Rules of Procedure for Shareholder Meeting of Longchen Paper & Packaging Co., Ltd.

  • Article 1: The Rules of Procedure are formulated in accordance with the "Corporate Governance Best Practice Principles for TWSE or TPEx Listed Companies" to set up a good shareholder meeting and corporate governance system, assist the board in supervising and managing the Company's operations.

  • Article 2: The Company's "Rules of Procedure for Shareholder Meeting" shall proceed according to the following rules unless otherwise specified by law or the Articles of Incorporation.

  • Article 3: Unless otherwise specified by law, shareholder meetings are to be convened by the board of directors.

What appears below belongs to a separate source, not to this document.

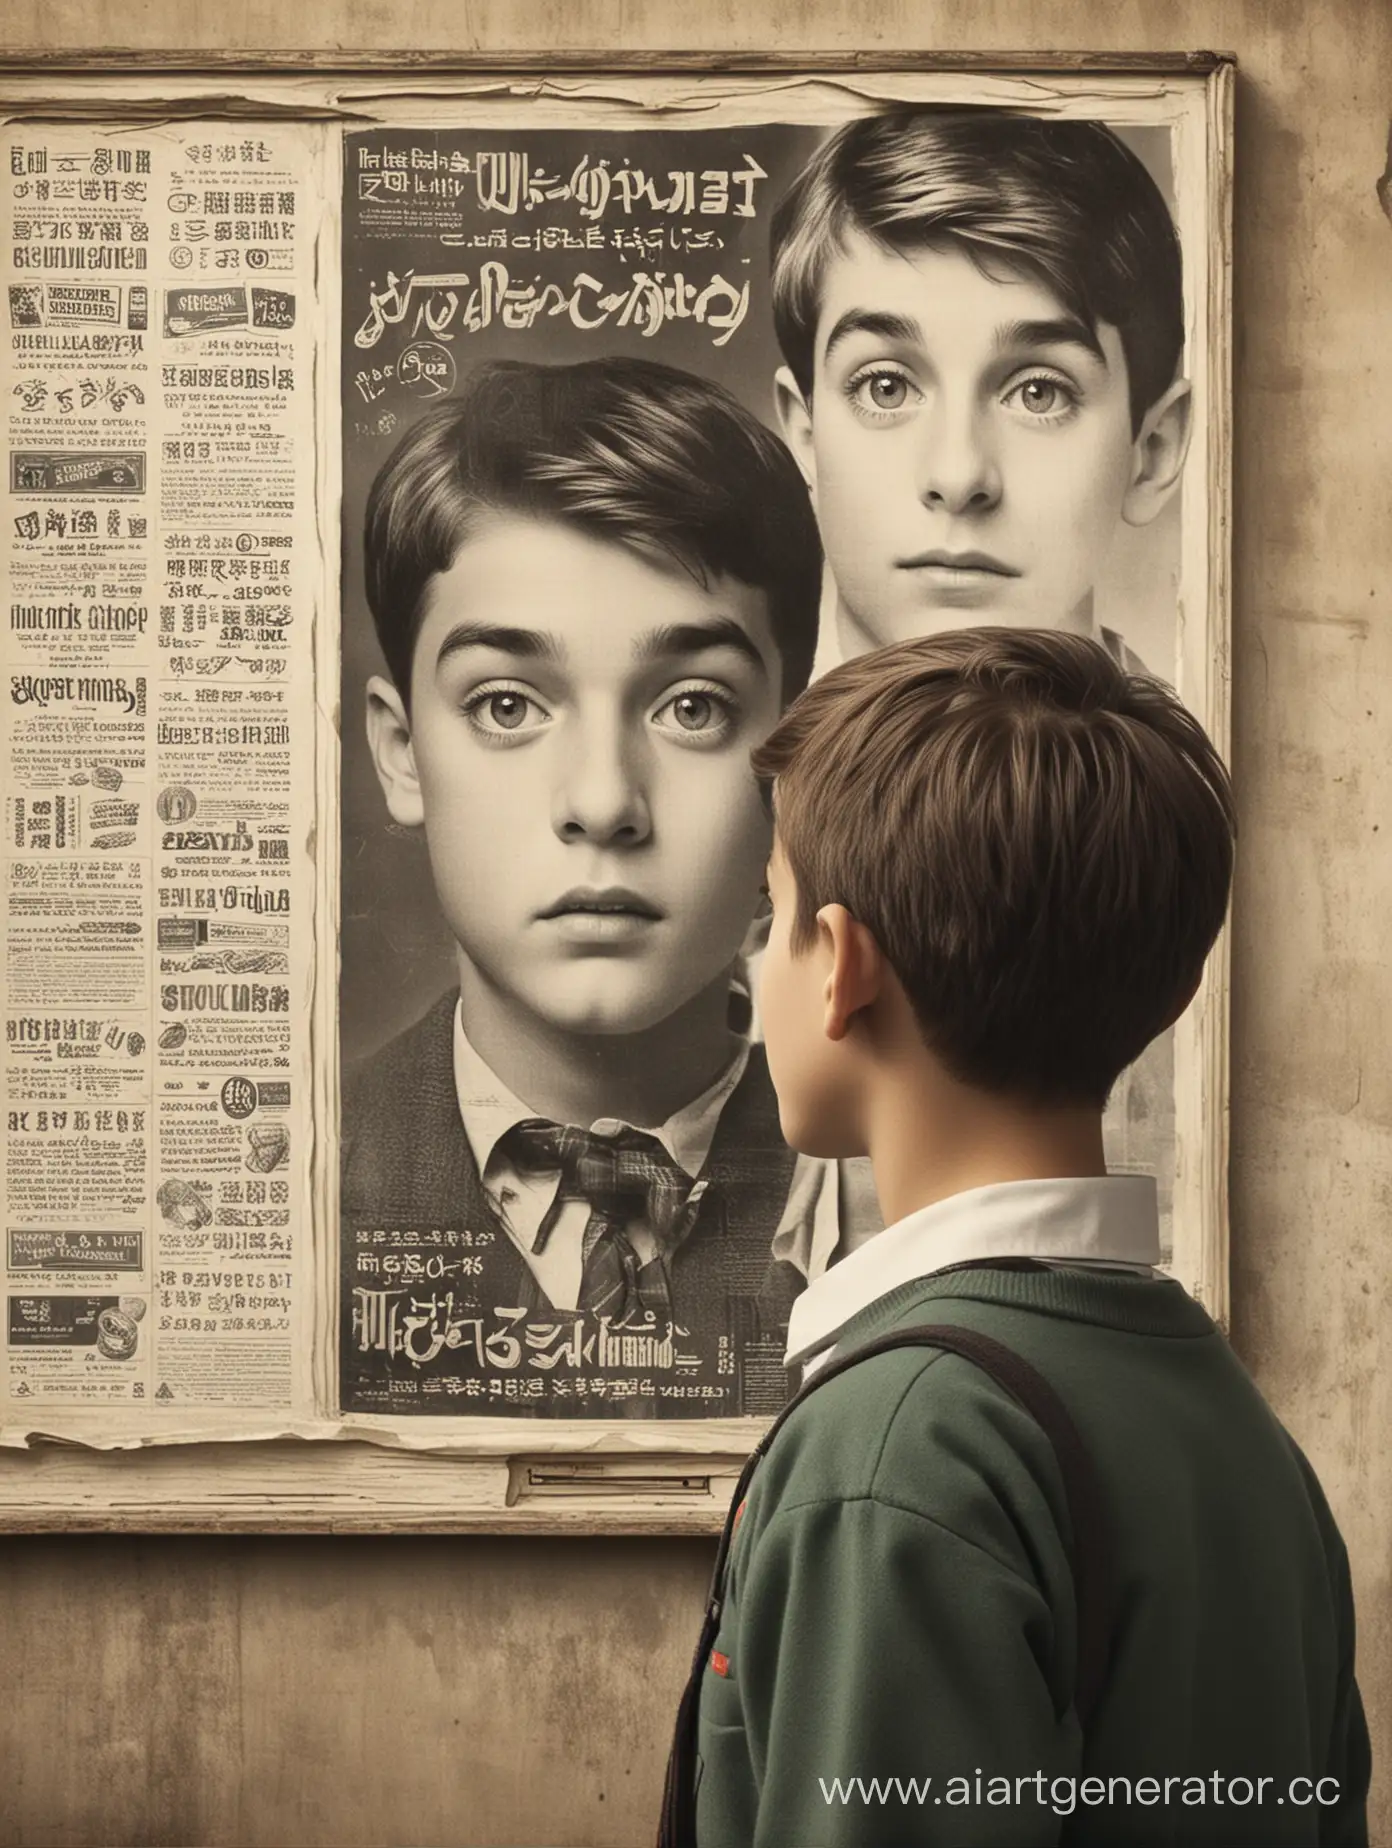 язык рекламы глазами школьника
мальчик смотрит на рекламу

  • Before a shareholder meeting is convened, a meeting agenda shall be prepared and communicated to each shareholder thirty (30) days in advance; for each shareholder holding less than 1,000 inscribed shares, the meeting agenda shall be uploaded onto MOPS thirty (30) days in advance. Before an extraordinary shareholder meeting is convened, shareholders shall be informed fifteen (15) days earlier; for each shareholder holding less than 1,000 inscribed shares, the meeting agenda shall be uploaded onto MOPS fifteen (15) days in advance.

The meeting advice and announcement shall state clearly the agenda to be discussed during the meeting, and can be issued in electronic form if consented by the recipient.

Election or dismissal of directors and/or supervisors, amendment of the "Articles of Incorporation", dismissal of the Company, merger, divestment, and any issues listed in Paragraph 1, Article 185 of the "Company Act", Articles 26.1 and 43.6 of the "Securities and Exchange Act" shall be notified in advance as part of the meeting agenda, and cannot be proposed in the form of extemporaneous motion.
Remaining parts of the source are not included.